Baseline characteristics in ischemic stroke (IS) patients and healthy controls as well as in IS subtypes.

Controls (n  =  514) Patients (n  =  492) Large Vessel Disease (n  =  54) Small Vessel Disease (n = 106) Cardioembolic Stroke (n  =  81) Cryptogenic Stroke (n  =  131)
Age (years) 57.2 ± 0.44 57.2 ± 0.44 58.5 ± 1.00 59.3 ± 0.66 * 58.9 ± 1.14 54.1 ± 0.94 **
Male sex, n (%) 329 (64) 315 (64) 39 (72) 66 (62) 66 (68) 77 (59)
Hypertension, n (%) 199 (39) 299 (62) *** 30 (60) *** 78 (74) *** 44 (56) ** 73 (57) ***
Diabetes mellitus, n (%) 30 (6) 94 (19) *** 19 (38) *** 25 (24) *** 15 (19) *** 17 (13) ***
Current smoker, n (%) 89 (17) 193 (39) *** 27 (54) *** 46 (43) *** 29 (37) *** 50 (39) ***
hsCRP (mg/L) 3.06 ± 0.26 10.8 ± 1.00 *** 12.1 ± 2.51 *** 4.95 ± 0.66 ** 16.7 ±3.18 *** 7.98 ± 1.52 **
Imputed LDL (ng/nL) 3.33 ± 0.04 3.35 ± 0.04 3.54 ± 0.15 3.48 ± 0.08 3.08 ± 0.11 * 3.32 ± 0.07
HOMA-IR 2.13 ± 0.12 4.80 ± 0.25 *** 6.14 ± 0.88 *** 5.06 ± 0.71 *** 4.59 ± 0.53 *** 3.78 ± 0.27 ***
BMI (kg/m2) 26.5 ± 0.18 26.7 ± 0.20 26.8 ± 0.65 27.0 ± 0.42 26.8 ± 0.51 26.4 ± 0.34
NIHSS score baseline NA 5.32 ± 0.25 6.49 ± 0.85 3.32 ± 0.26 6.48 ± 0.78 5.24 ± 0.48
mRS score 3 months NA 1.79 ± 0.05 2.14 ± 0.16 1.35 ± 0.10 2.01 ± 0.15 1.73 ± 0.10
mRS score 2 years NA 1.88 ± 0.06 1.77 ± 0.24 1.49 ± 0.11 2.17 ± 0.17 1.68 ± 0.10
s-IGF-II acute (ng/mL) 712.1 ± 5.58 734.7 ± 7.08 * 747.0 ± 18.8 734.6 ± 13.7 667.9 ± 17.1 ** 764.4 ± 12.2 ***
s-IGF-II 3 months (ng/mL) NA 736.8 ± 6.91 ** 751.9 ± 23.3 739.5 ± 14.8 679.4 ± 14.5 * 748.4 ± 11.0 **

Data are shown as means (±SEM) or as number (n). Values are provided for controls, the total IS cohort, and the four major etiological IS subtypes. The remaining patients had either another determined cause (n = 37) or an undetermined cause (n = 83). Differences compared to the control group were examined using ANOVA for continuous variables and the χ2-test for categorical variables (sex, hypertension, diabetes, and smoking). Furthermore, for each of the stroke etiologies, the values are compared to controls. ns, not significant. LDL, low-density lipoprotein; BMI, body mass index; hsCRP, high-sensitivity C-reactive protein; HOMA-IR, homeostasis model assessment of insulin resistance. * p < 0.05, ** p < 0.01, *** p < 0.001.
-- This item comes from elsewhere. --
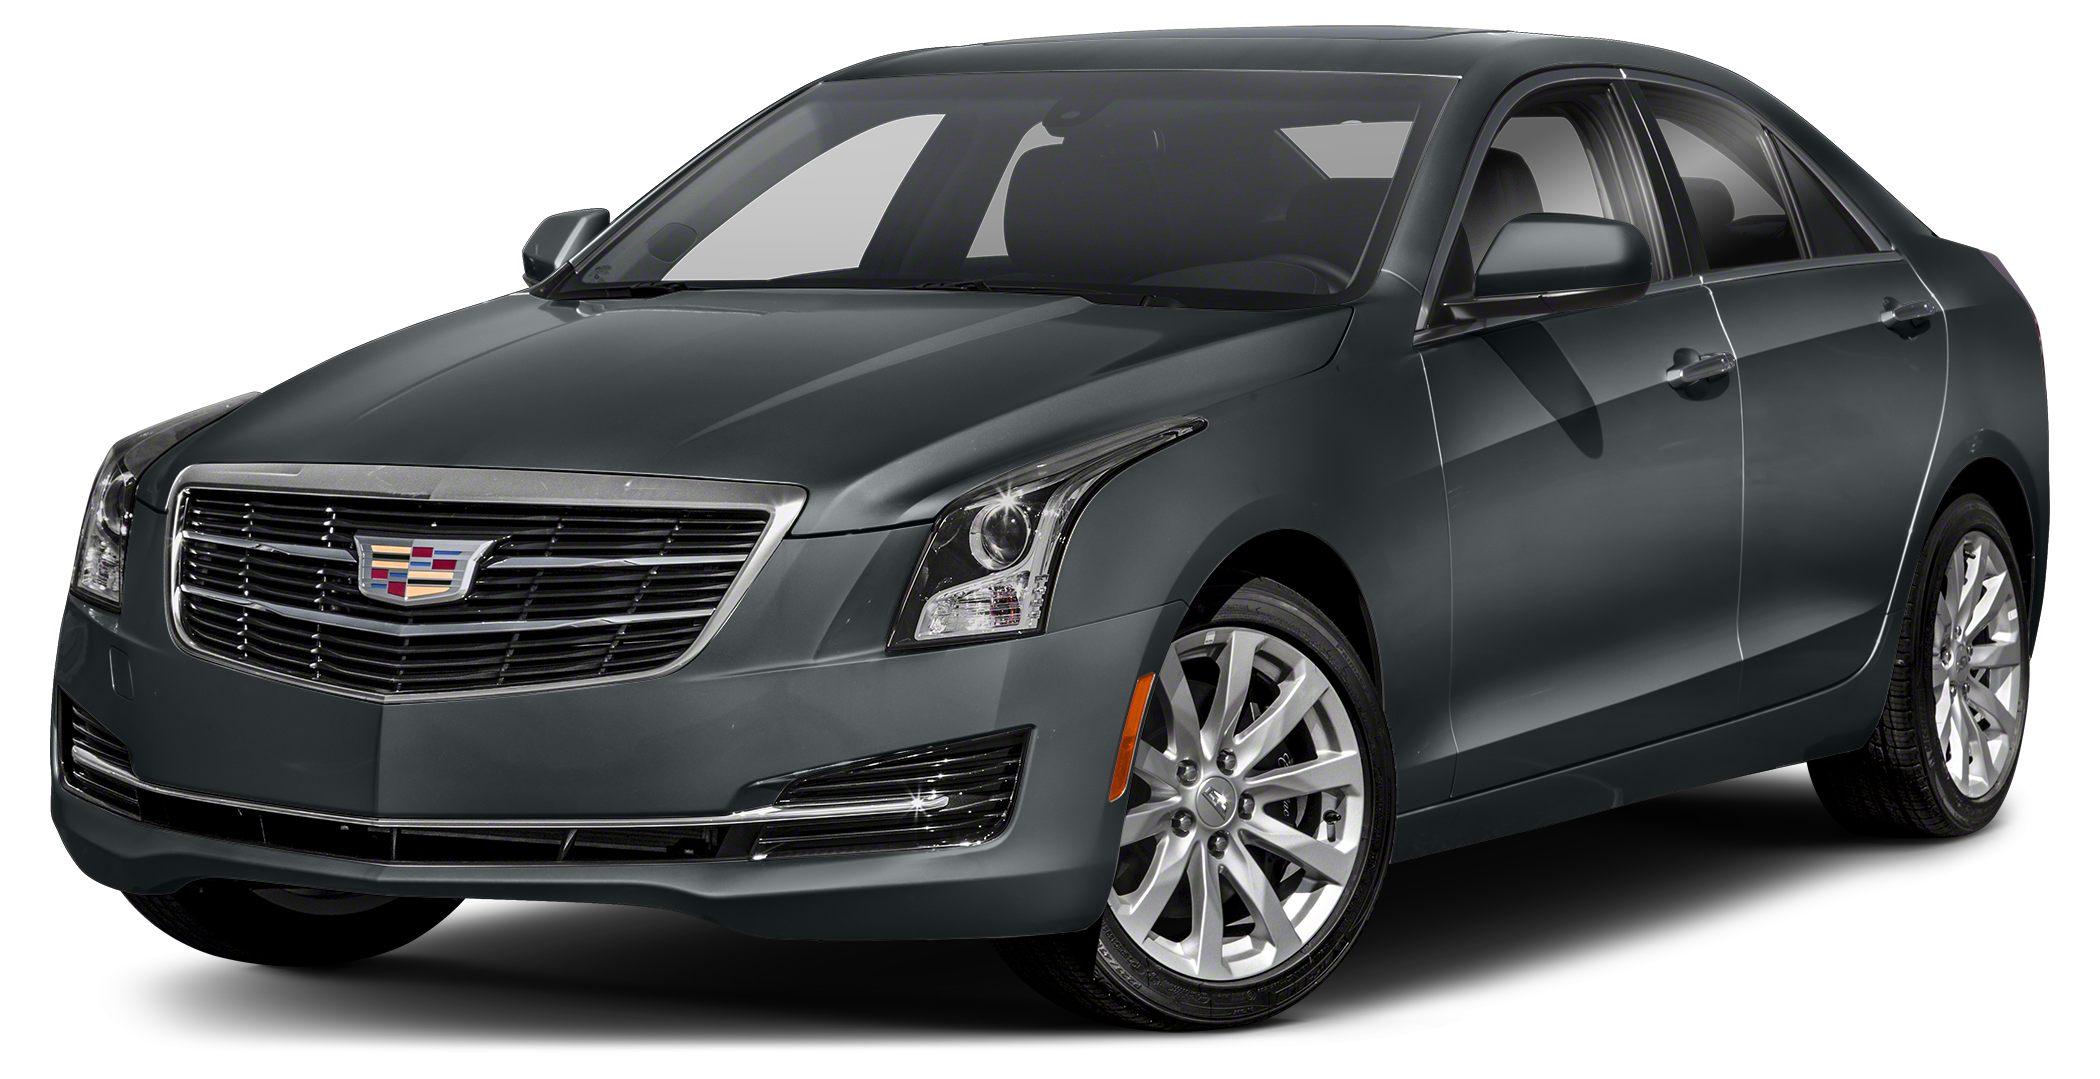 2018 Cadillac ATS 20 Turbo Prior Dealer Loaner Vehicle Phantom Gray Metallic 2018 Cadillac ATS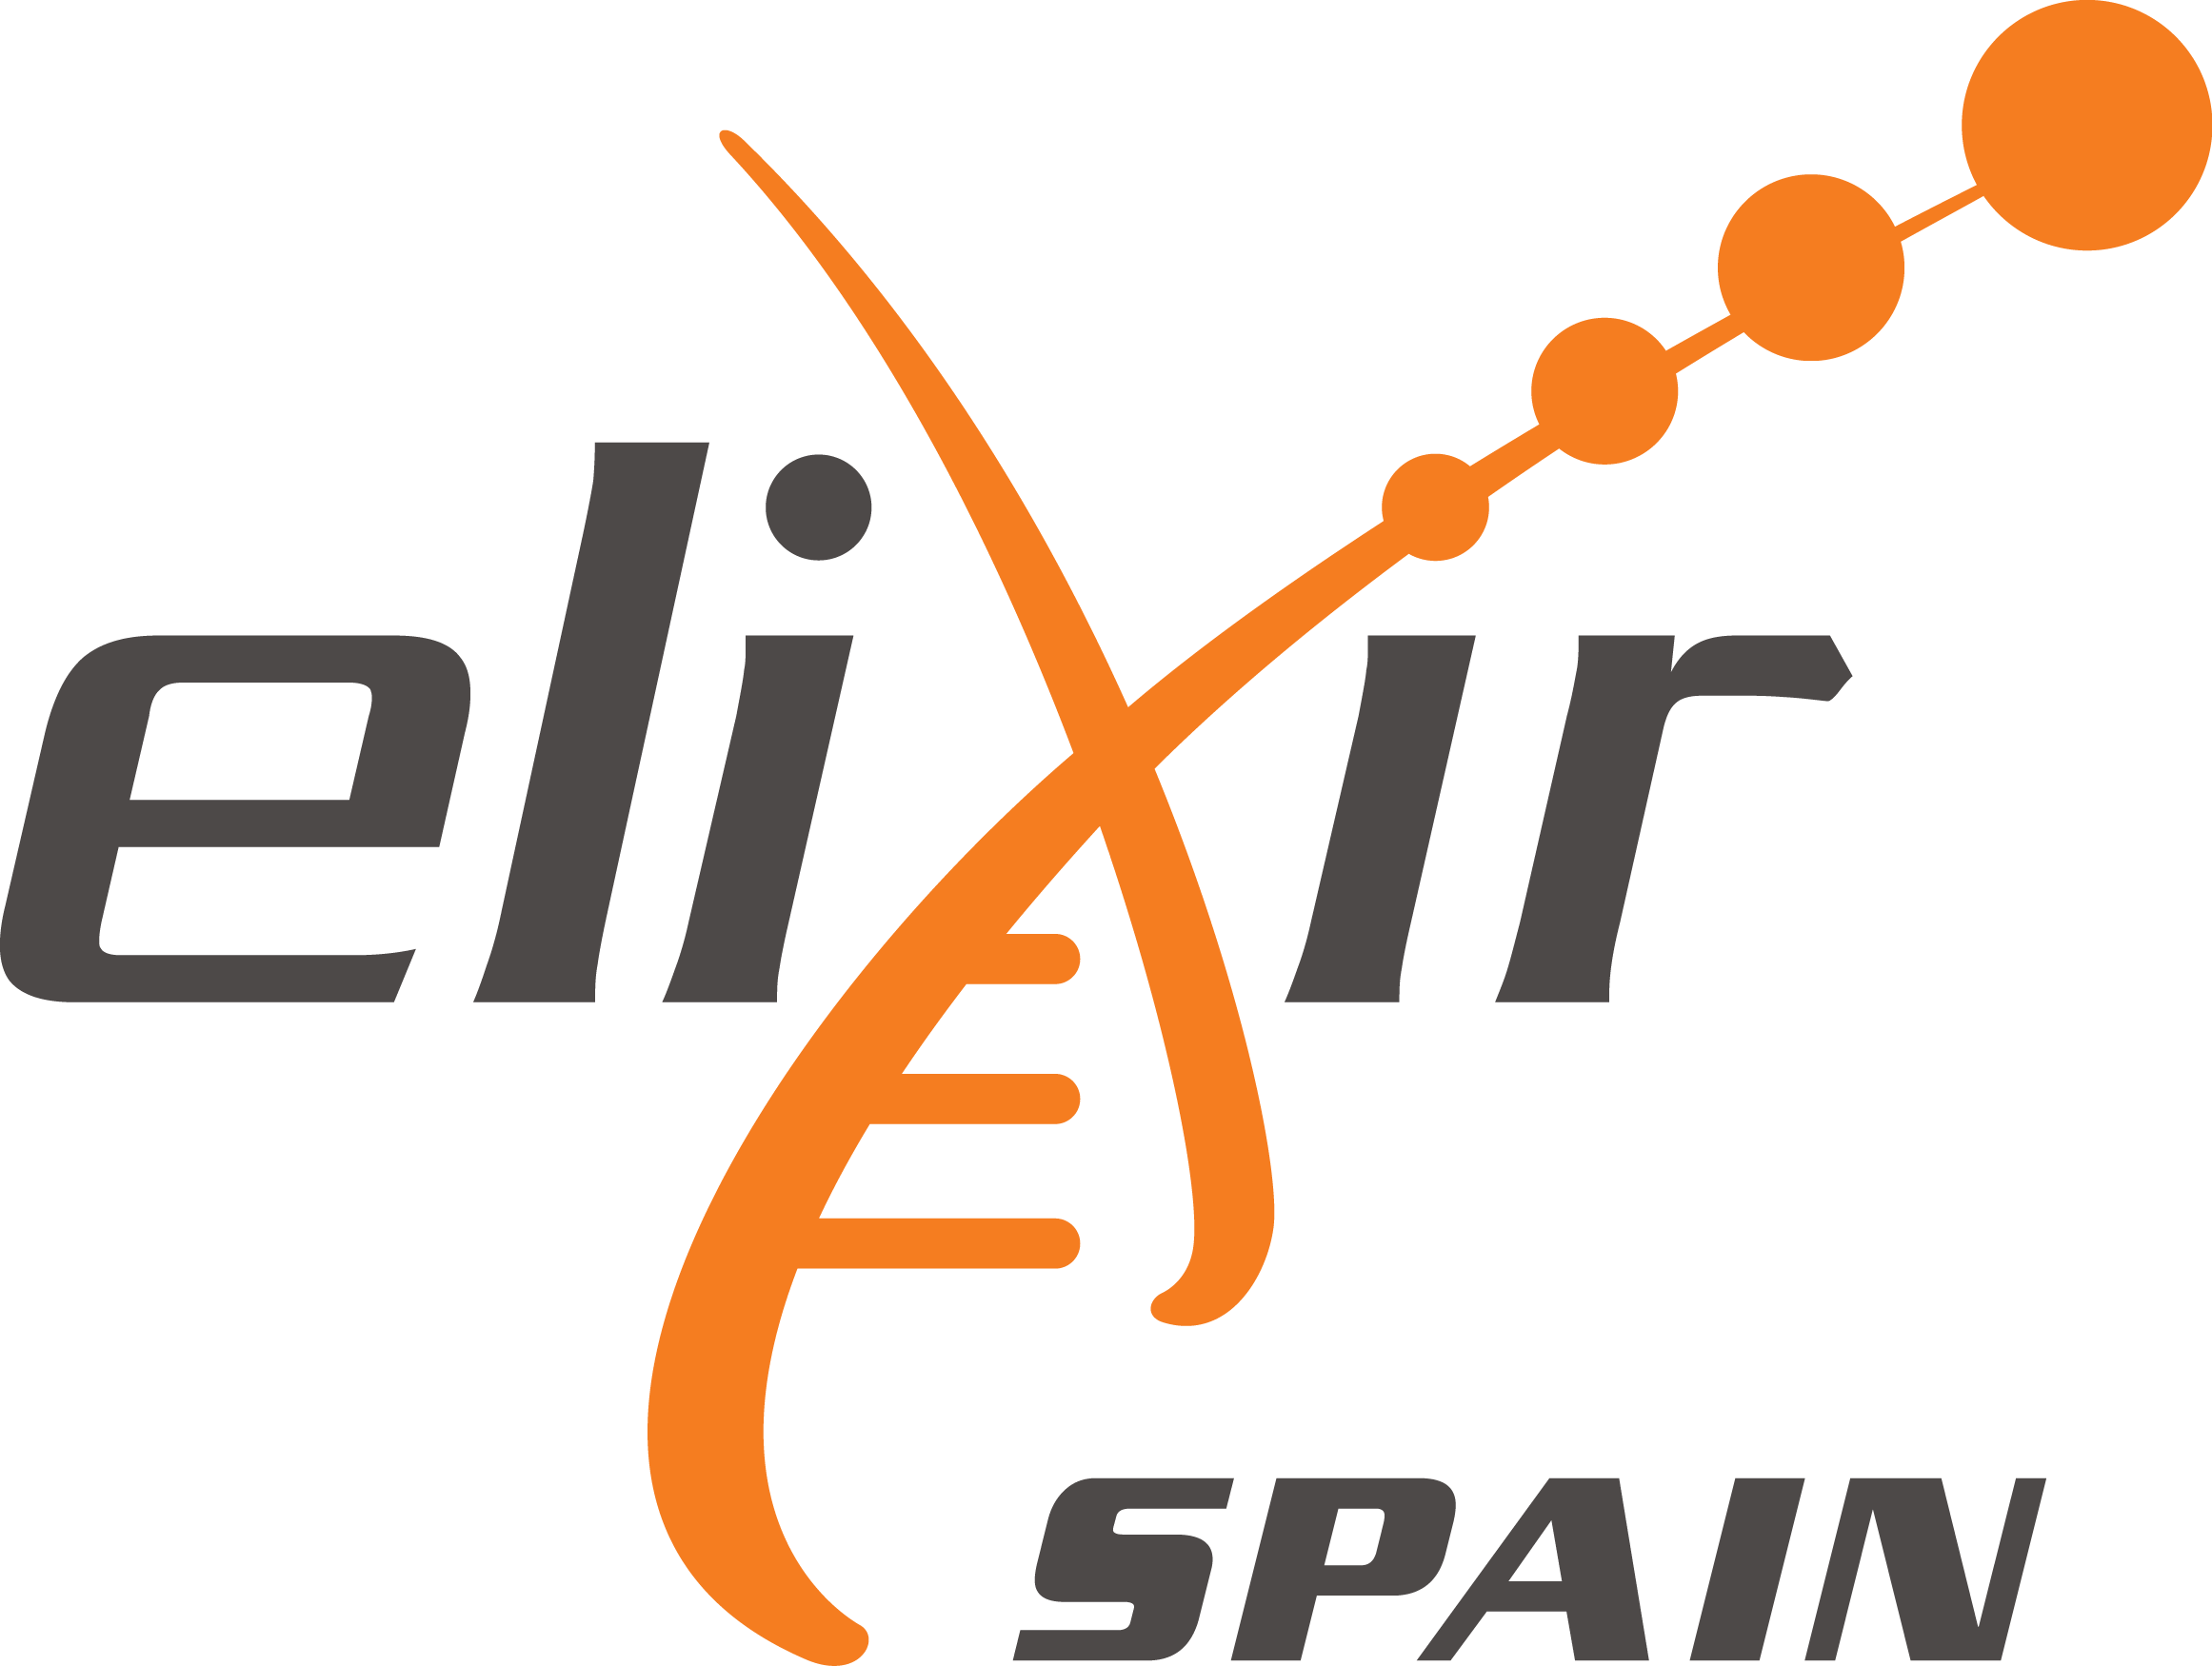 ELIXIR Spain

Serum IGF-II was lower in older subjects as reflected by inverse correlations between age and s-IGF-II (acutely: r = −0.20, p < 0.001 (Figure 1A); after 3 months: r = −0.13, p < 0.001; and in controls: r = −0.10, p < 0.001). Moreover, acute but not 3-month s-IGF-II correlated inversely with NIHSS, i.e., stroke severity (r = −0.10, p = 0.03 and r = 0.002, p = 0.95, respectively; not shown). Furthermore, acute s-IGF-II correlated negatively with hsCRP (r = −0.24, p < 0.001), and positively with LDL (r = 0.14, p = 0.002), but not with day of blood sampling (r = 0.02, p = 0.72), insulin resistance (HOMA-IR; r = −0.04, p = 0.43), or BMI (r = −0.03, p = 0.57).

Figure 1.

Figure 1

S-IGF-II and age and sex in the acute phase of ischemic stroke. (A) S-IGF-II levels in the acute phase were inversely correlated with age in the total stroke cohort (n = 492; r = −0.20, p < 0.001). The equation for the relation is s-IGF-II (ng/mL) = 916 − [3.16 × age (years)], valid through 18 to 70 years of age. (B) Boxplots of s-IGF-II in men (n = 315) and women (n = 177) in the acute phase after stroke. Values in the box plots are provided as medians (horizontal lines), 25–75th percentiles (boxes), and ranges (whiskers). Stroke men had lower acute s-IGF-II than stroke women (p < 0.001).

Women had higher values of s-IGF-II compared to men. S-IGF-II of women in the acute phase of stroke was 10.7 % higher (p < 0.001, Figure 1B) and 11.6% higher 3 months after stroke (p < 0.001), and 7.7 % higher among the controls (p < 0.001).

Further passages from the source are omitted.